Today I Choose to be Radiant – How to be Radiant

June 12, 2025
How to be Radiant

Sometimes being radiant means taking care of yourself first—not because you’re selfish, but because everyone around you needs your light.


After a month in the hospital it was finally time for me to take Curtis home. He had dropped fifty pounds in the past month, half of it spent in the ICU, and he was going to need significant support at home. Many people would have gone to a rehab but I wanted him back home.

As we talked with the nurse and social worker going over everything we would need the list grew. Walker. Home care. Physical therapy. IV administration. Colostomy care. Wound care. The list felt endless.

And underneath it all, one terrifying thought: How am I going to be strong enough for this?

That’s when I learned the most important lesson about being radiant—it’s not about shining despite your circumstances. It’s about filling your own cup first so you can genuinely glow for the people who need you most.

The Myth of Selfless Caregiving

Before Curtis came home from the hospital, I had this image in my head of what a good wife should be. Self-sacrificing. Always putting others first. Running on fumes and caffeine, wearing exhaustion like a badge of honor.

But as I watched my husband struggle to walk from the bedroom to the kitchen, as I learned to administer IVs and change wound dressings, something became crystal clear:

He didn’t need my martyrdom. He needed my radiance.

Curtis needed someone who could smile warmly while helping him with physical therapy. Someone who could stay calm during medical emergencies. Someone who could bring light into what felt like a very dark time.

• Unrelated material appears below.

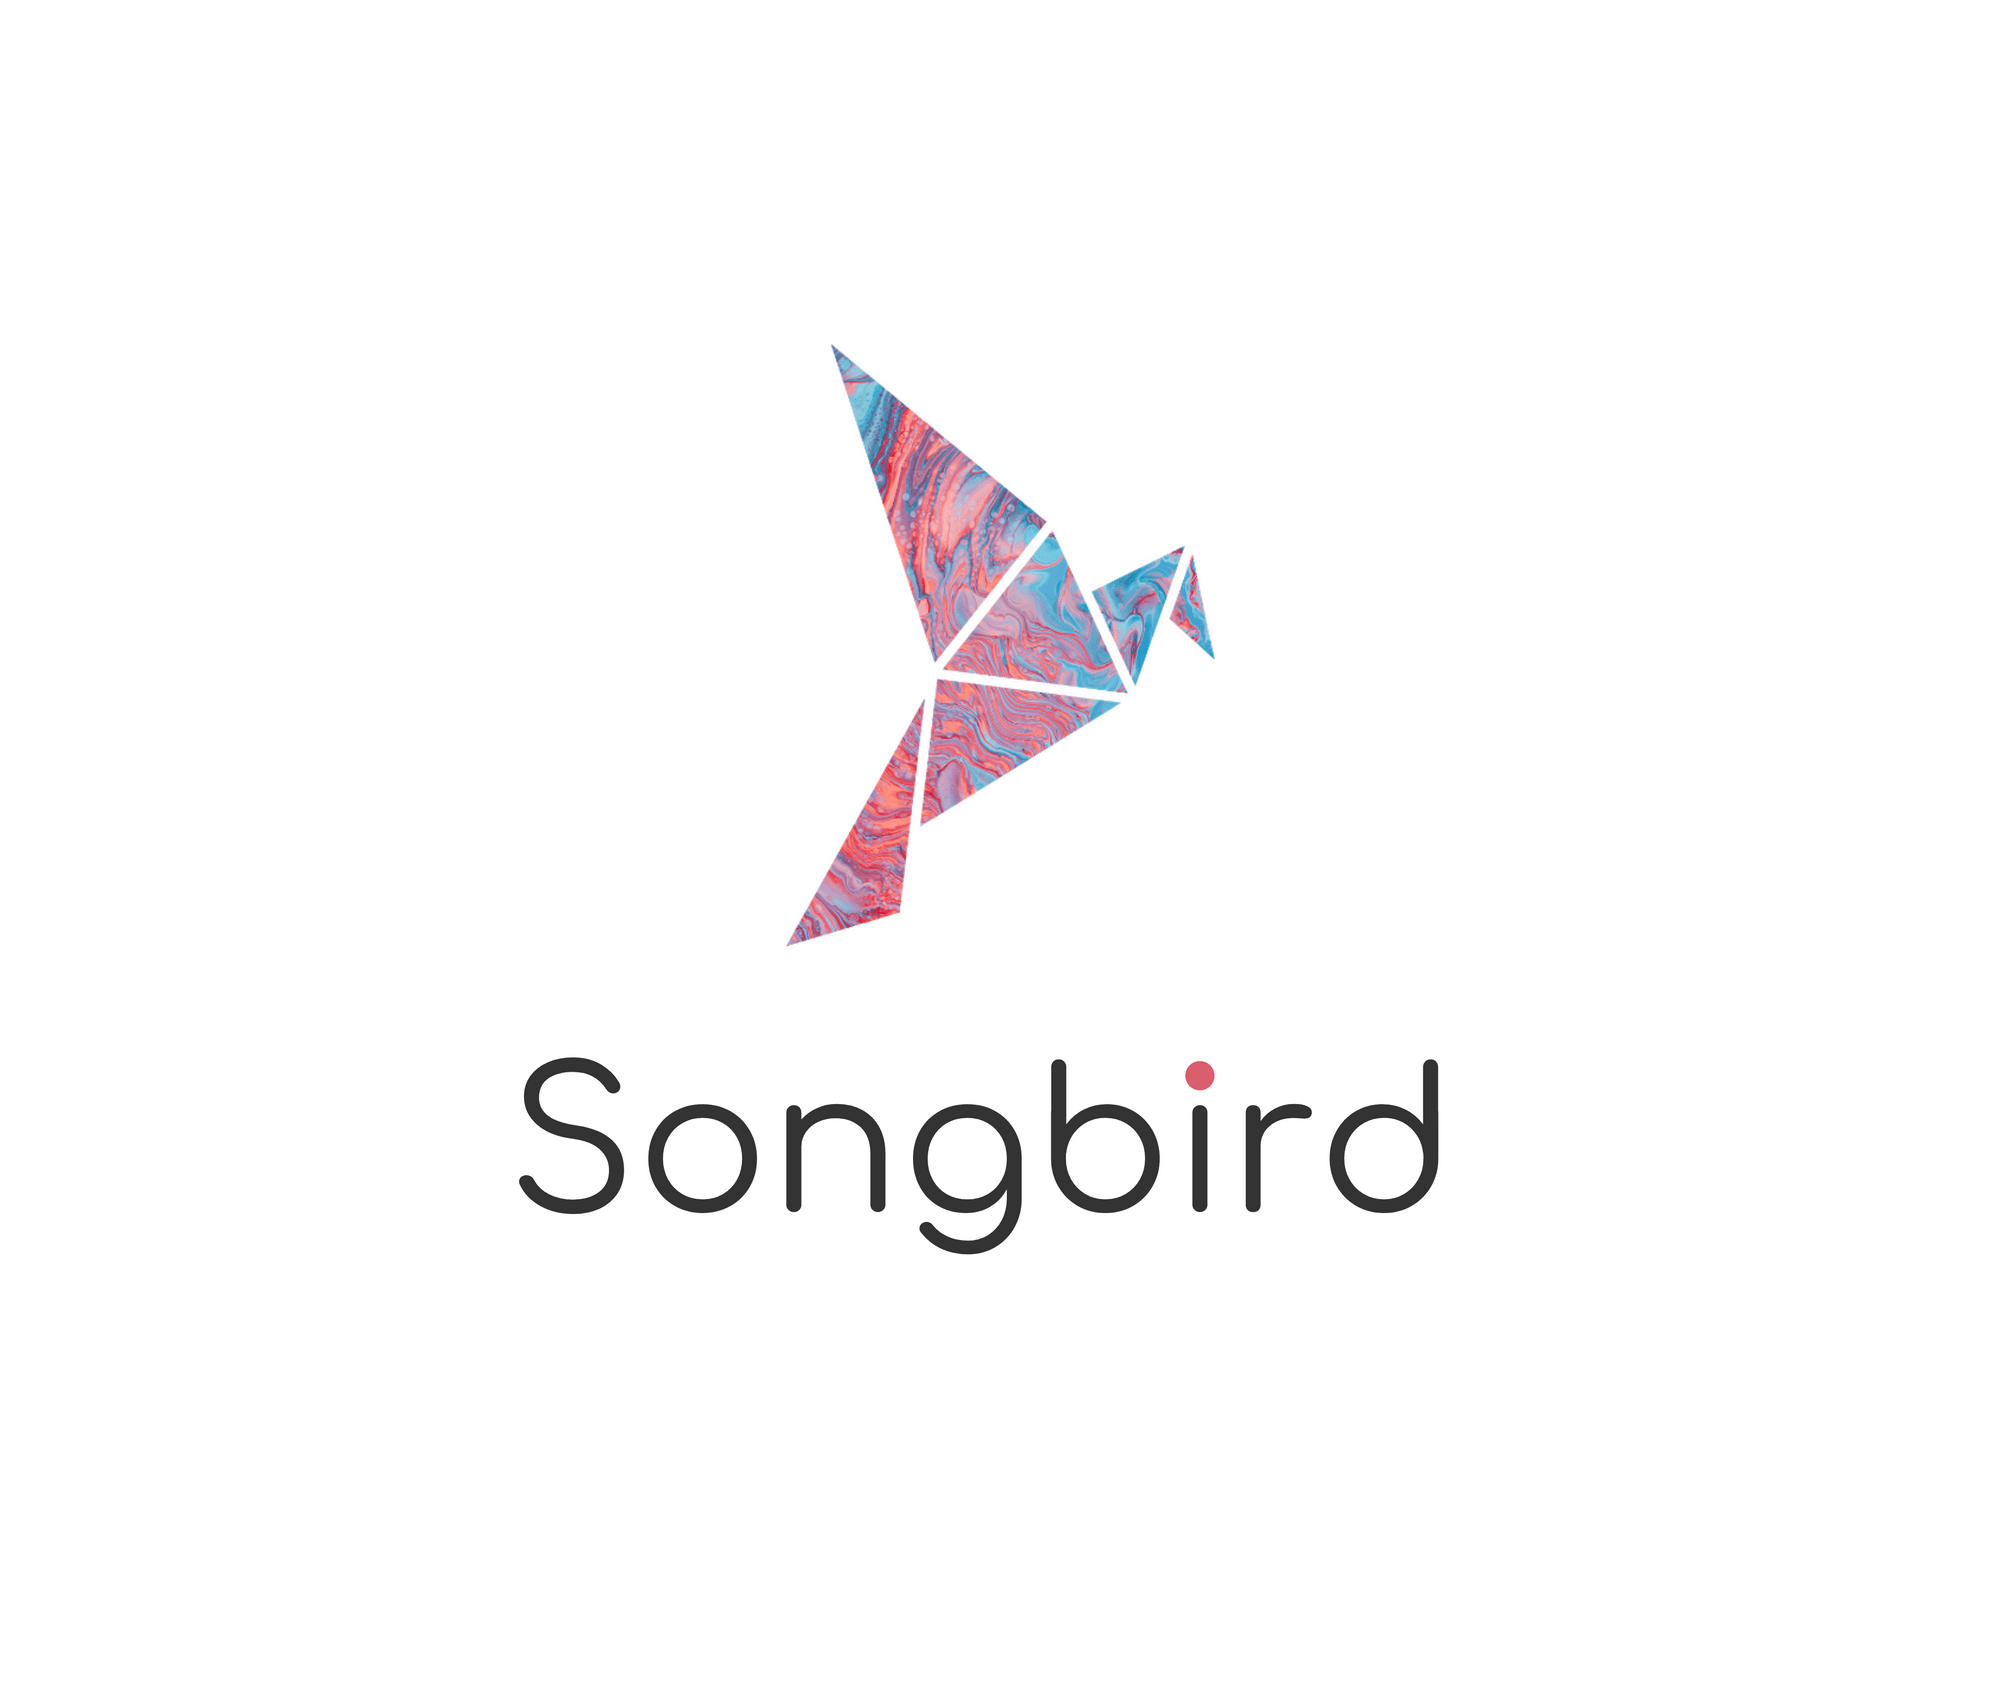 Flare/Songbird Integration

And I realized—you can’t give what you don’t have.

The Tovala Oven Revelation

The first thing I did was order a Tovala oven.

I know that might sound trivial when your husband is fighting for his health, but hear me out. Every evening when I was bone-tired from caregiving, the last thing I wanted to do was figure out dinner. I’d been subsisting on crackers and whatever I could grab while Curtis slept.

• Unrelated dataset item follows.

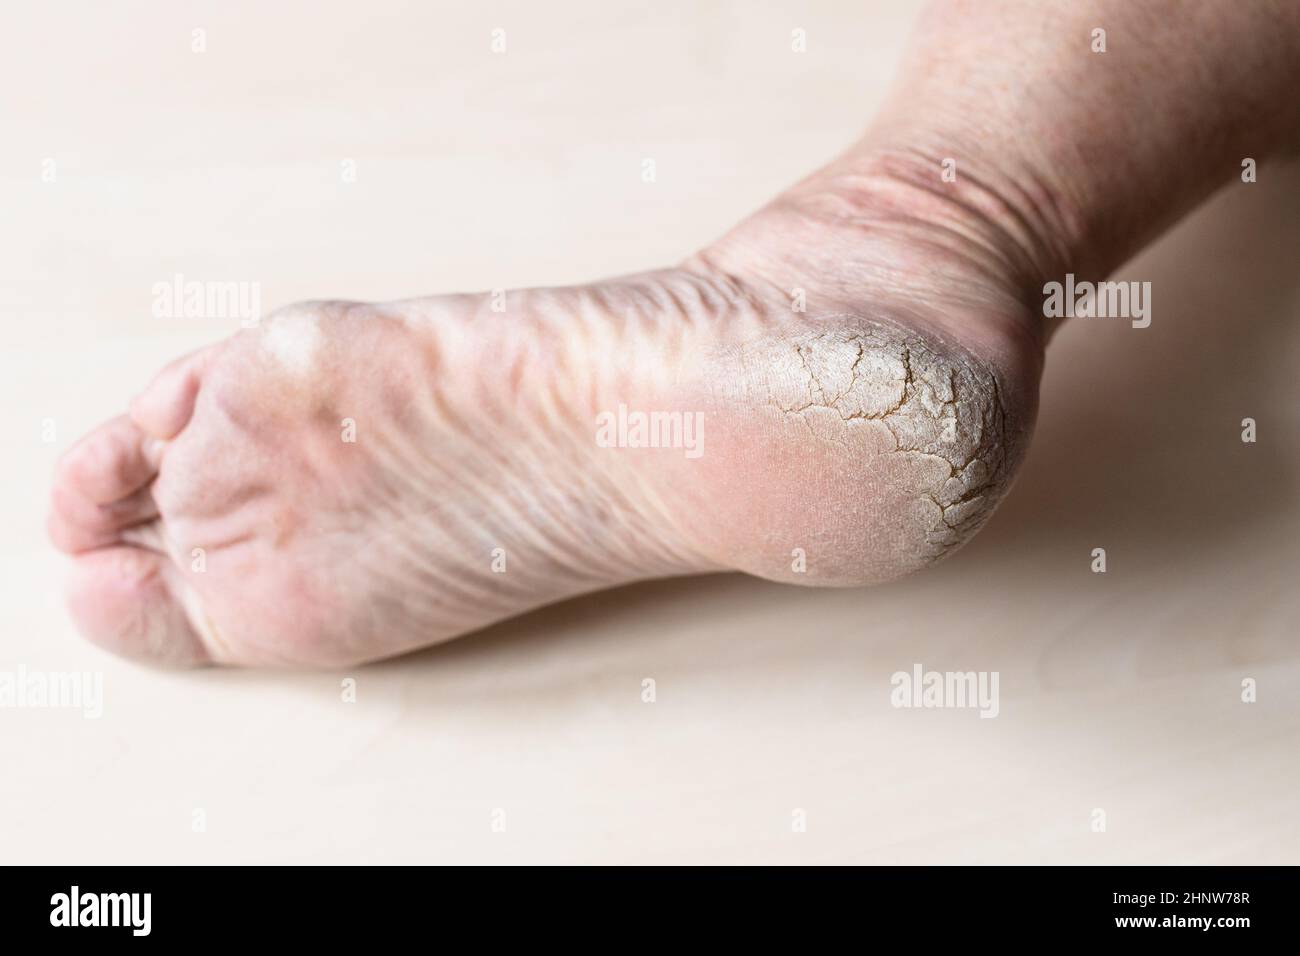 pelle screpolata ruvida sul tallone del piede maschio in primo piano Foto Stock

That little oven changed everything. Suddenly, I had nutritious meals without the mental load of planning, shopping, and cooking. We were eating real food again. I had energy again.

Curtis noticed immediately. “You seem… brighter,” he said one evening as I helped him with his exercises.

I was brighter. Because I was taking care of myself first.

Sleep as a Love Language

The second thing I did was protect my sleep like it was sacred.

I set up a system where I could respond to Curtis’s needs during the night without fully waking up. I moved essential supplies closer to our bed.

It felt selfish at first. Shouldn’t I be available 24/7? Wasn’t that what “in sickness and in health” meant?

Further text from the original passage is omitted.